Sonntag, 17. Dezember: Schwarzer Sonntag

„Darf ich vorstellen? Die drei Musketiere: Les dames Betül, Annika et Kess! Mesdames, verbeugen Sie sich vor den hochwohlgeborenen Eltern der berühmten Comtesse d’Artagnan!“

Sina weist auf ihre Eltern, die verdruckst ins Zimmer der Musketiere hereinschauen. 

Betül deutet eine Verbeugung an, Annika vollführt einen formvollendeten Hofknicks, Kess tut, was sie immer tut und erntet einen tadelnden Blick von Sina: 

„Die gute Kess, chers parents, arbeitet noch an ihren Manieren. Was aber nichts an ihrer charakterlichen Integrität ändert. Sie ist in jeder Hinsicht die höflichste Mitbewohnerin, die ihr euch nur vorstellen könnt! Einzig an ihrem Wendekreis und ihrer Kurvenlage könnte sie noch etwas arbeiten.“

Sie alle drei, Sina und ihre Eltern, sind sehr müde. Sinas Eltern haben in der Nacht zum Sonntag unten in Krahenstein in einer Pension geschlafen. Und Sina hat spontan beschlossen, die Nacht bei ihnen zu verbringen. Um ihren Eltern unangenehme Überraschungen am Sonntagmorgen zu ersparen, ist sie vorübergehend zu ihrem alten Halbstundenrhytmus gewechselt und der Handy-Alarm hat sie alle drei auf Trab gehalten. Obwohl sich ihre Eltern natürlich nichts haben anmerken lassen.
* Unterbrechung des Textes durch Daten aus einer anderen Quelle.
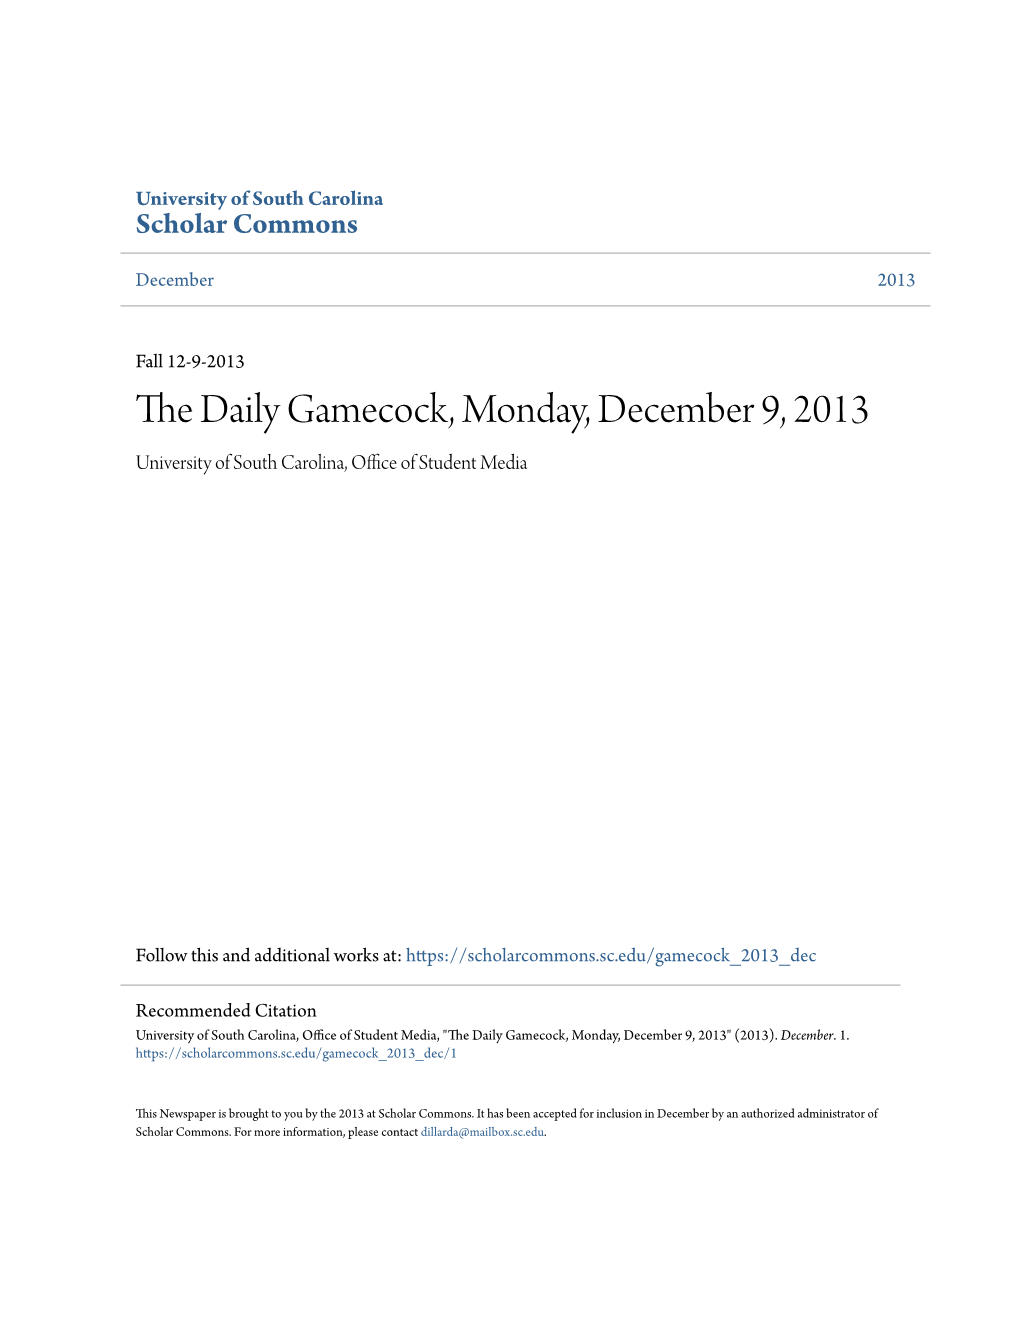 The Daily Gamecock, Monday, December 9, 2013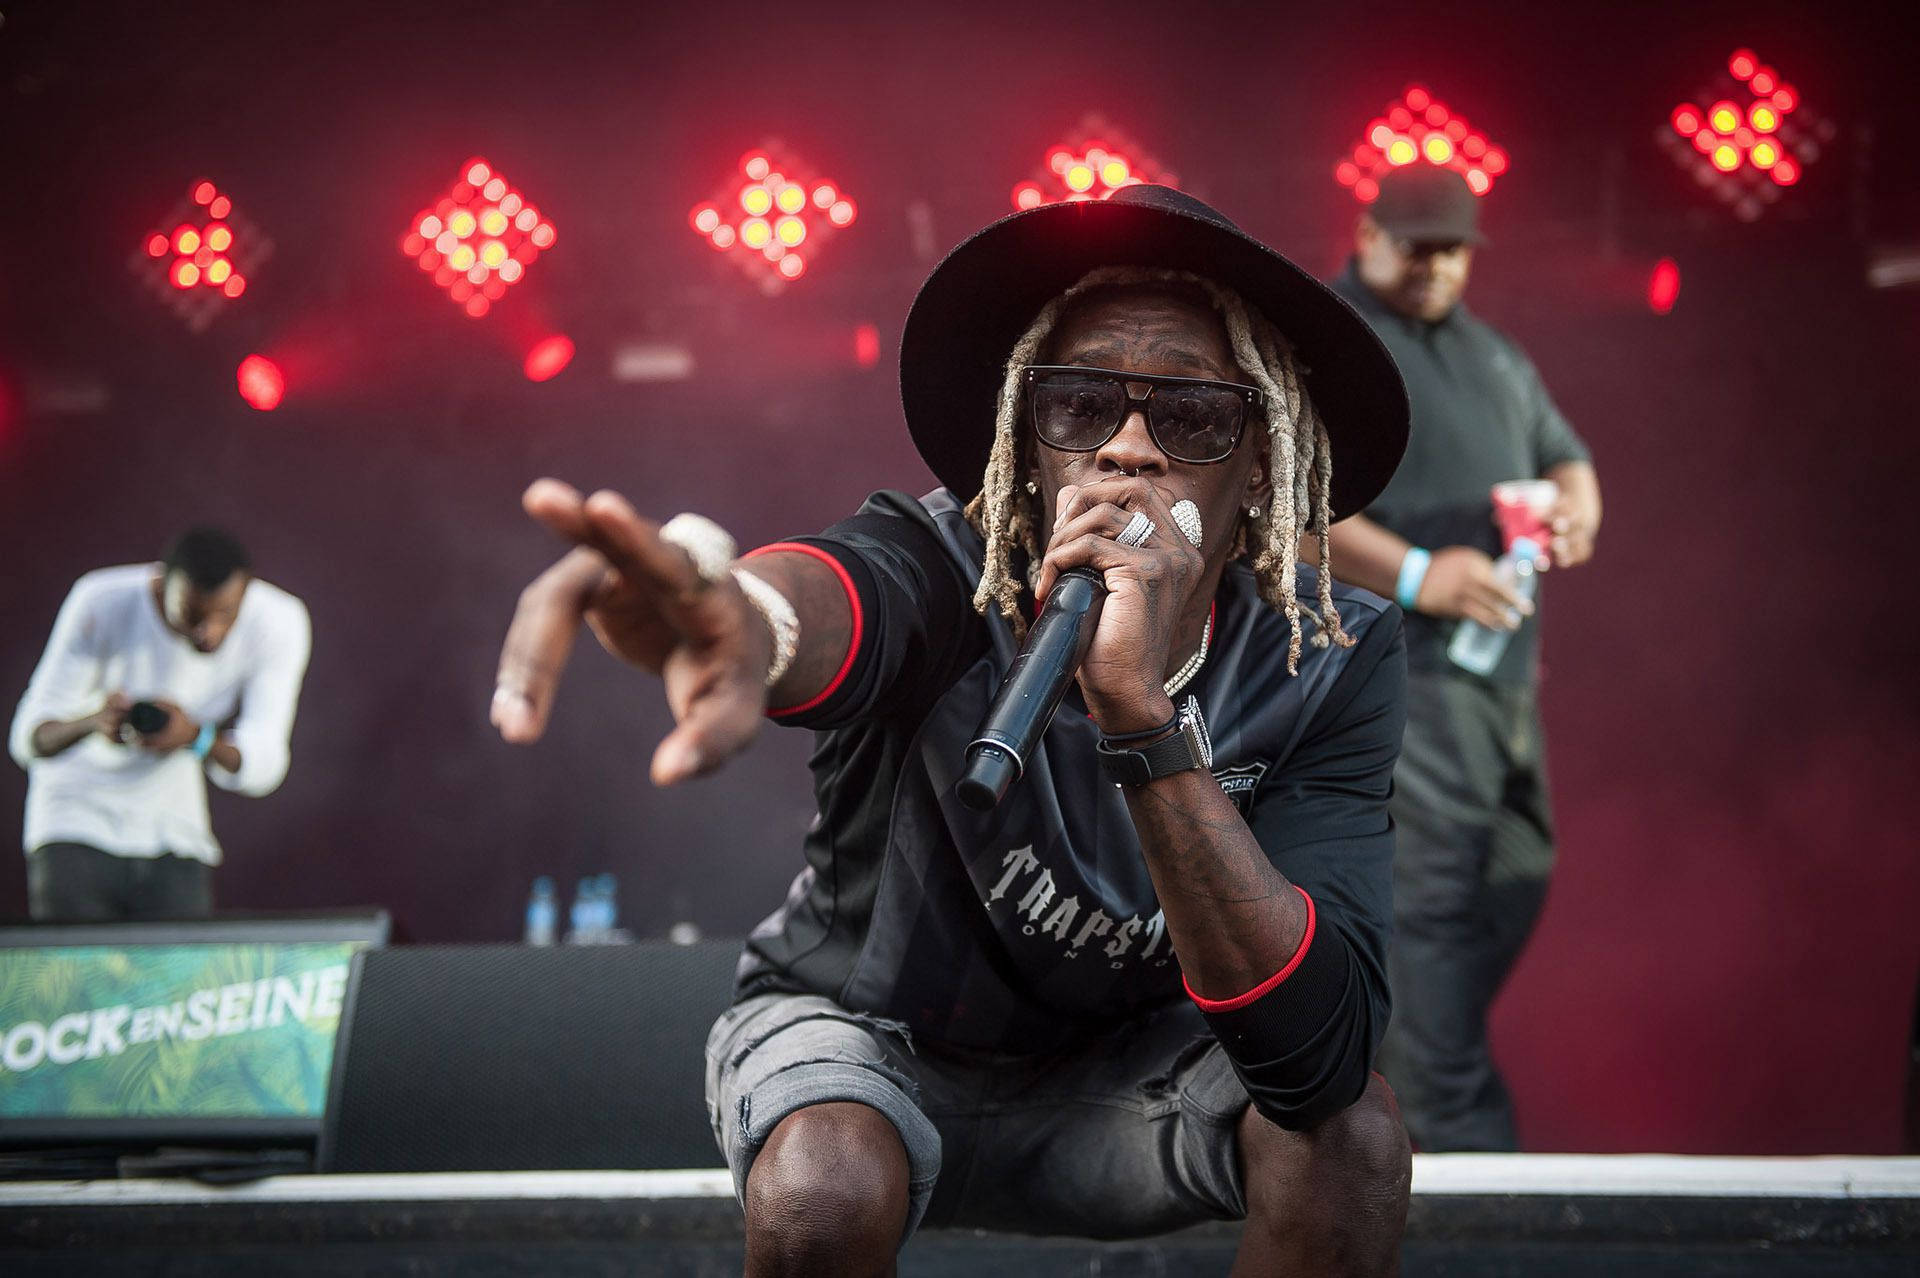 Rapper Young Thug Brings The Audience To Their Feet During A Live Performance

Als erstes haben sie heute morgen zusammen versucht, den Stifter ausfindig zu machen. Doch genau wie gestern Abend war sein Zimmer unten im Schlaftrakt der Schwarzen Klasse verschlossen und auch viel Klopfen hat nichts gebracht. Ist er schon wieder abgereist?  

Während Betül Smalltalk mit Sinas Eltern betreibt, stiehlt sich Annika bald aus dem Zimmer („Termin unten bei Döpfner, die Frau hat wohl auch kein Wochenende…!“) und Sina nutzt die Ablenkung durch Betül, um Annika zum Büro der Direktorin zu folgen.

„Sina, verschwinde“, sagt die nur. „Ich hab ein Meeting mit Annika. Allein!“

„Bitte! Ich will nur wissen, wo der Stifter ist?“

„Nicht gesehen, gerade nicht meine Baustelle, verzieh dich. BITTE!

„Es ist aber wichtig! Meine Eltern sagen…“

„Liebe Sina. Wir beide sehen uns sehr viel häufiger, als einige DIESER DUSSELIGEN ALIENS MICH VOR DIE LINSE KRIEGEN! Und ihre Eltern zahlen das ZEHNFACHE für den Spaß hier! Ich weiß nicht, wo M.K. ist. Ich weiß nicht mal, ob er überhaupt noch hier ist! Such ihn dir selber! Aber wehe(!) du sagst IRGENDETWAS FALSCHES! Es gibt nur zwei Personen, die im Notfall M. K. die Meinung blasen dürfen. Im äußersten Notfall, nur alle paar Jahre und auch nur, wenn ich Bee in der Nähe weiß. Ist das klar? Rein mit dir, Annika!“

Rumms. Tür zu, Sina draußen, Thema durch.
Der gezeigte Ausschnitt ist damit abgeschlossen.